More personage's Attitude estimations are carried out to image using the present embodiment, experimental result such as Fig. 8 institute on MPII data set Show, (a) indicates prediction successfully as a result, (b) indicating the result of prediction of failure.From the result of prediction of failure, we can be total (1) is born although detection method is improved, the method downward from item is still promised to undertake (early by early stage Commitment influence).(2) our method appears in the feelings in estimation range and with less interaction suitable for personage Condition.

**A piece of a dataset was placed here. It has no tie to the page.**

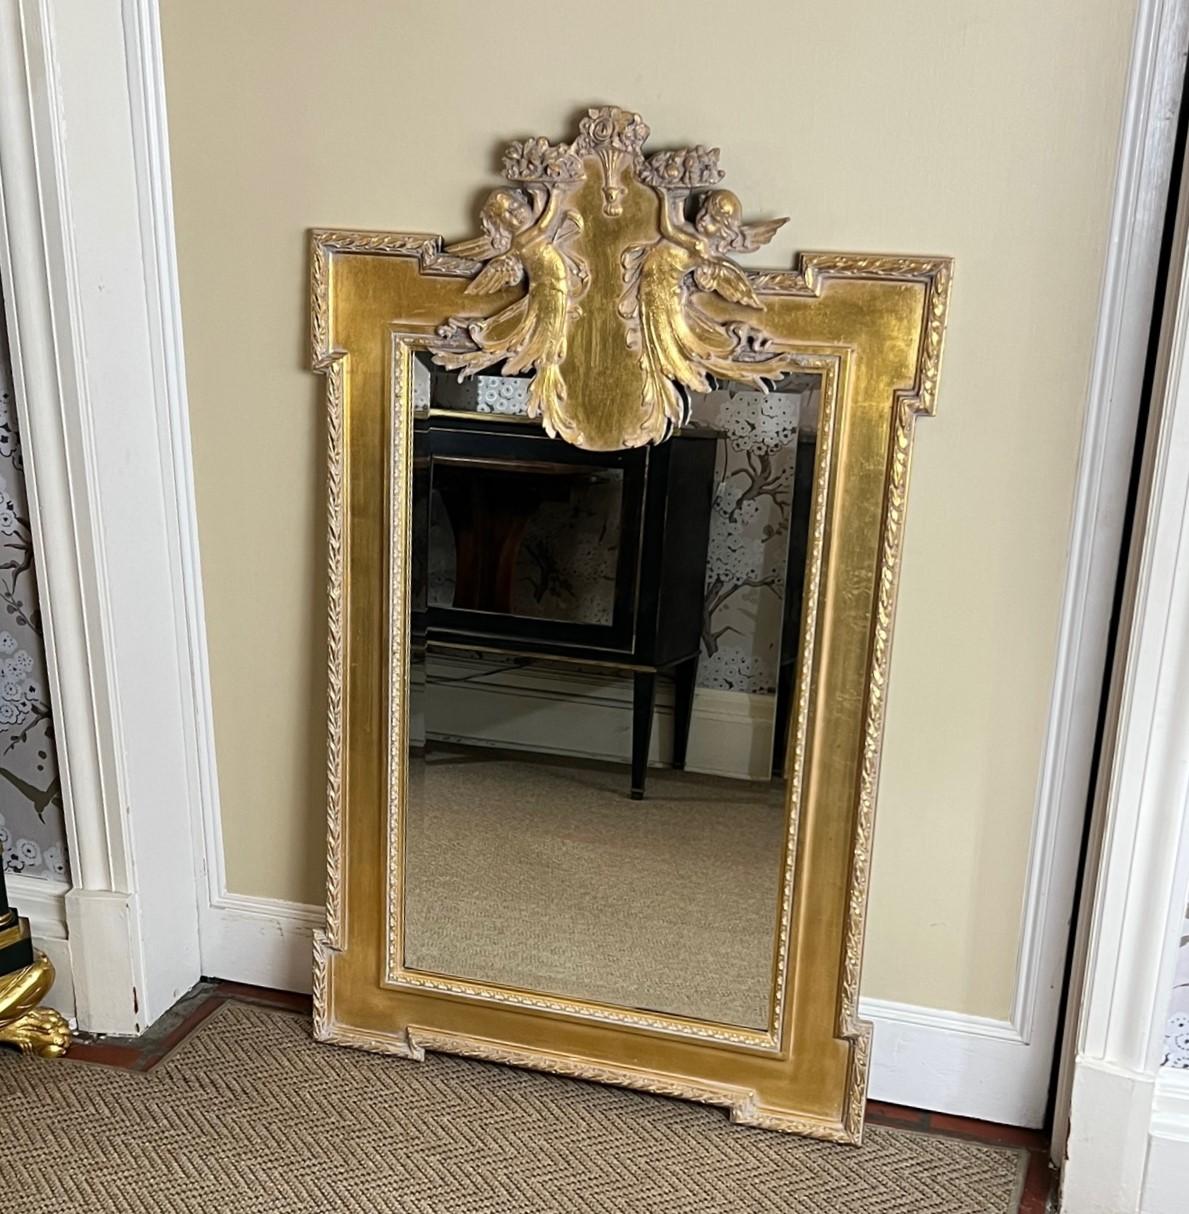 American 20th C. Neoclassical Style Giltwood Mirror with Cherub and Floral Decoration For Sale

Technical solution of the present invention and beneficial effect is described in detail in above-described specific embodiment, Ying Li Solution is not intended to restrict the invention the foregoing is merely presently most preferred embodiment of the invention, all in principle model of the invention Interior done any modification, supplementary, and equivalent replacement etc. are enclosed, should all be included in the protection scope of the present invention.

Claims (10)

1. a kind of more personage's Attitude estimation methods based on mask perceived depth intensified learning, which is characterized in that this method includes Following steps:
(1) construct more personage's Attitude estimation models: more personage's Attitude estimation models by acquisition detection block and mask detection Network, the deeply learning network for improving positioning accuracy and the sub- network composition of three, single Attitude estimation network;
The detection network is specific as follows: the people in the detection block and detection block of original image is obtained by multi-task learning network Body binary mask;
The deeply learning network is specific as follows: will test human body binary mask that network obtains and size adjusting be with After the matched detection block image of the full articulamentum of deeply learning network is multiplied, the input as deeply learning network; The output of deeply learning network is the reward value that 11 kinds of detection blocks adjust behavior;The detection block adjustment behavior includes four Class: scaling behavior, translation behavior, termination behavior, the ratio of width to height adjust behavior;The selection maximum behavior of reward value detects to adjust The detection block Image Iterative newly obtained is inputted deeply learning network by frame, until the maximum behavior of reward value is termination row To export the detection block after calibrating;
The single Attitude estimation network is specific as follows: the detection block image after mask and calibration is passed to single Attitude estimation net Network obtains single posture;
(2) more personage's Attitude estimation models are trained using training sample;Image to be detected is inputted into trained more people In object Attitude estimation model, personage's posture in all detection blocks of image to be detected is obtained.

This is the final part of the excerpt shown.